▸ Task item
Your output should be exactly the lines from the one containing "3d ручка, набор" through the last line of the listing, and nothing else. Pictures stay out.

▸ Exercise data
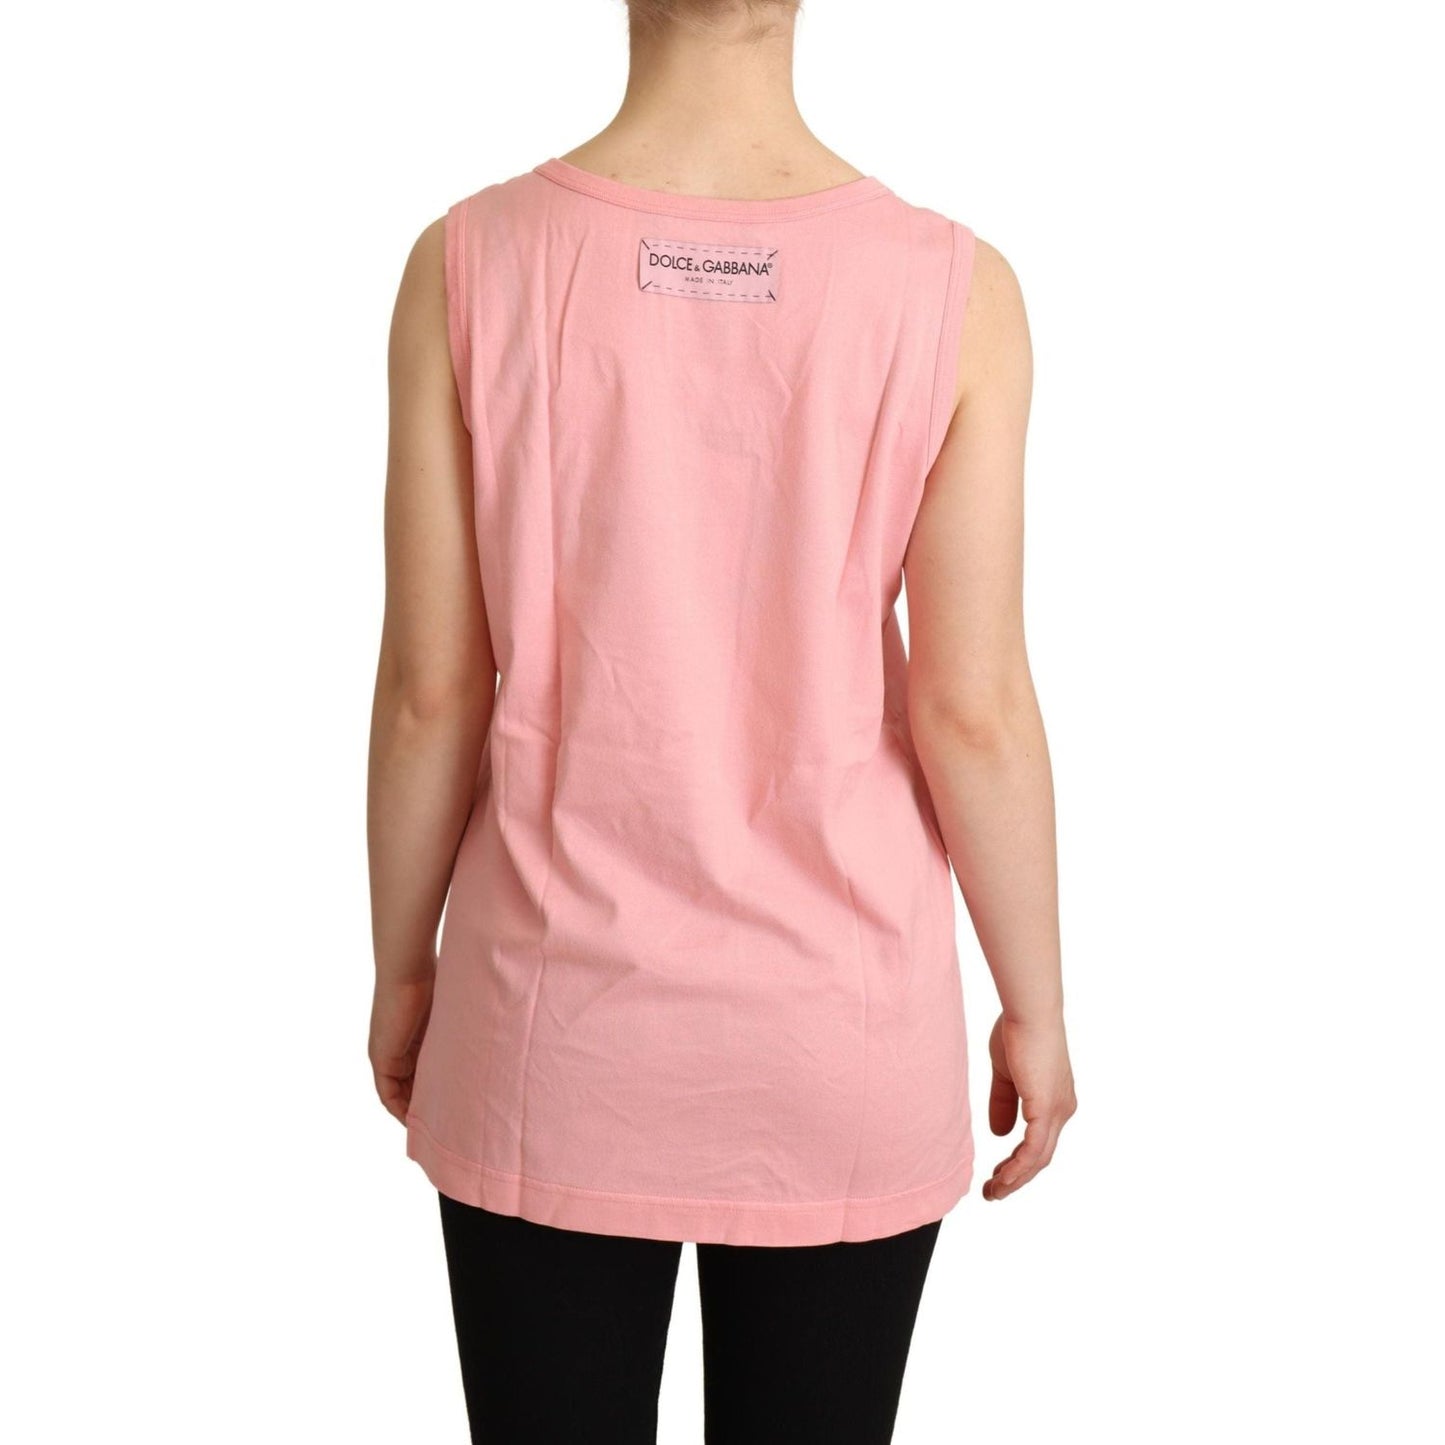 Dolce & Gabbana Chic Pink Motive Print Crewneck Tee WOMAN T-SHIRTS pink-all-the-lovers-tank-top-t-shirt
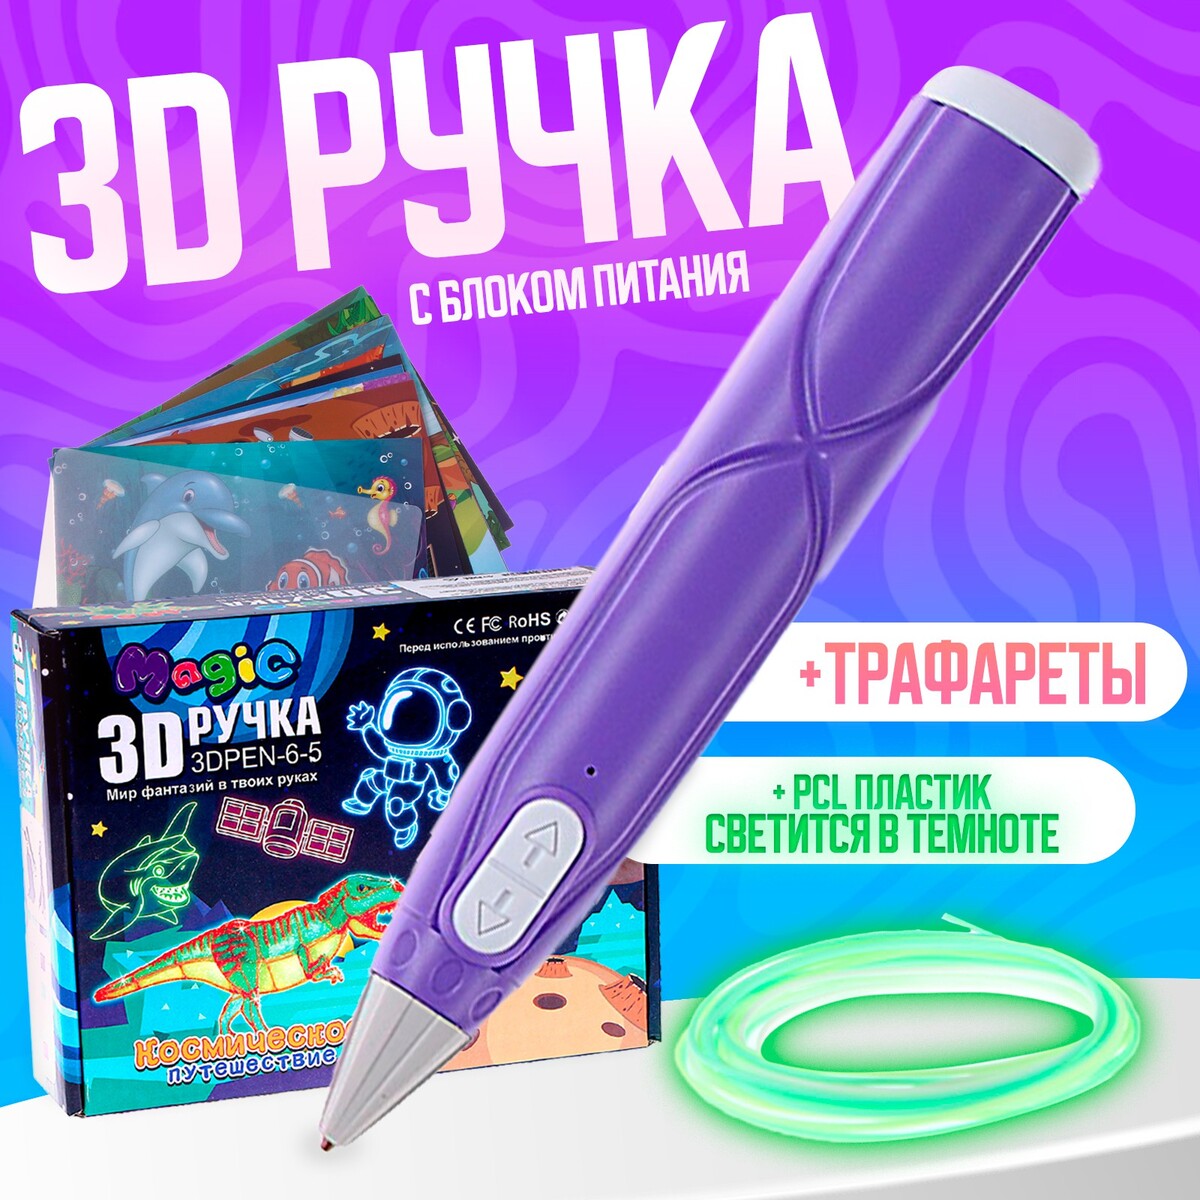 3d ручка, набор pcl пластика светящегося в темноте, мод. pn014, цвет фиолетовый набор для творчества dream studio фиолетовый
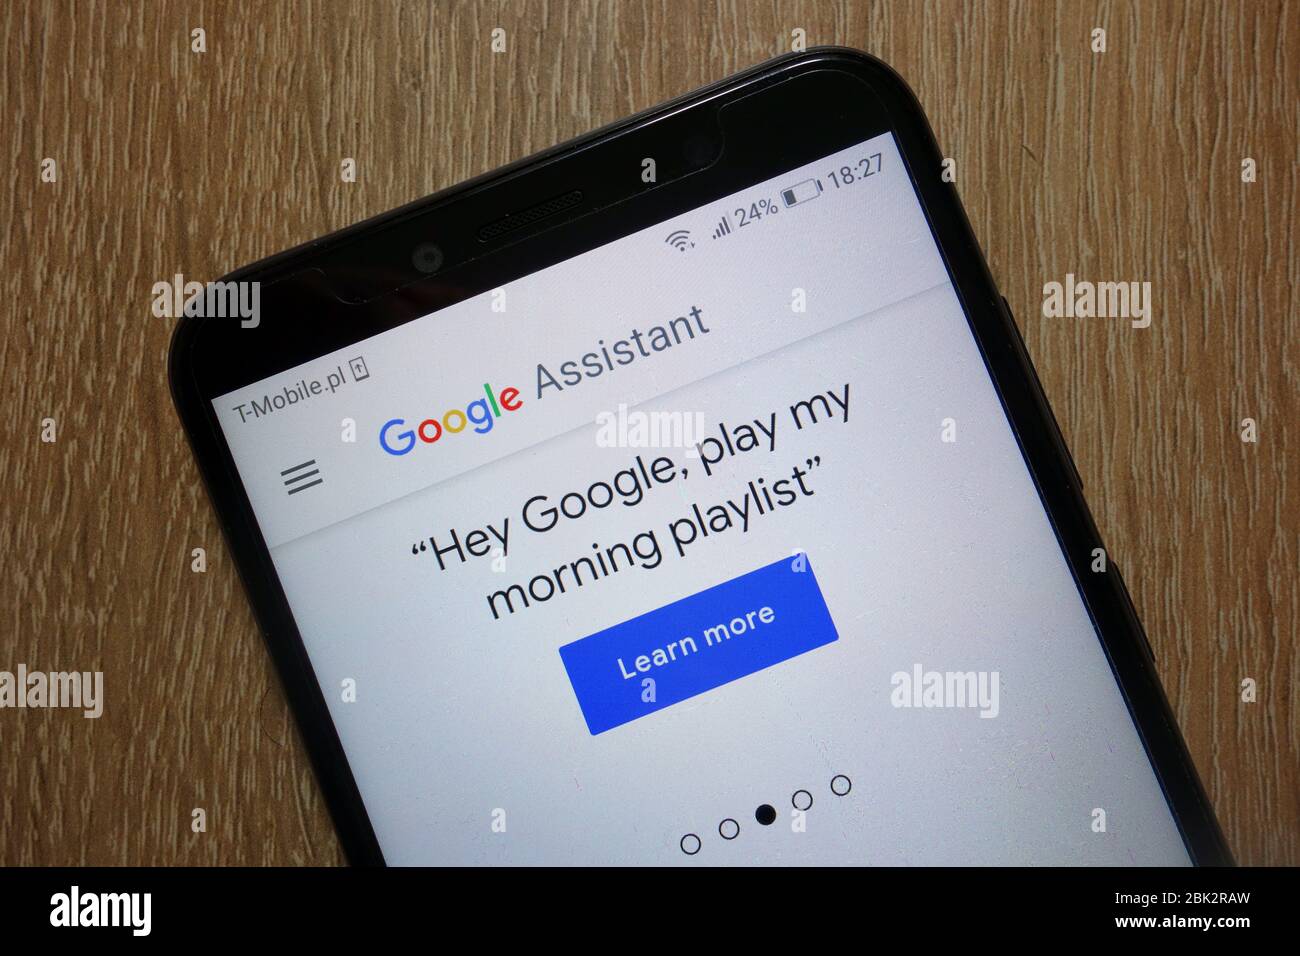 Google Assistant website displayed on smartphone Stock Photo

▸ Expected answer
 3d ручка, набор pcl пластика светящегося в темноте, мод. pn014, цвет фиолетовый набор для творчества dream studio фиолетовый
 Google Assistant website displayed on smartphone Stock Photo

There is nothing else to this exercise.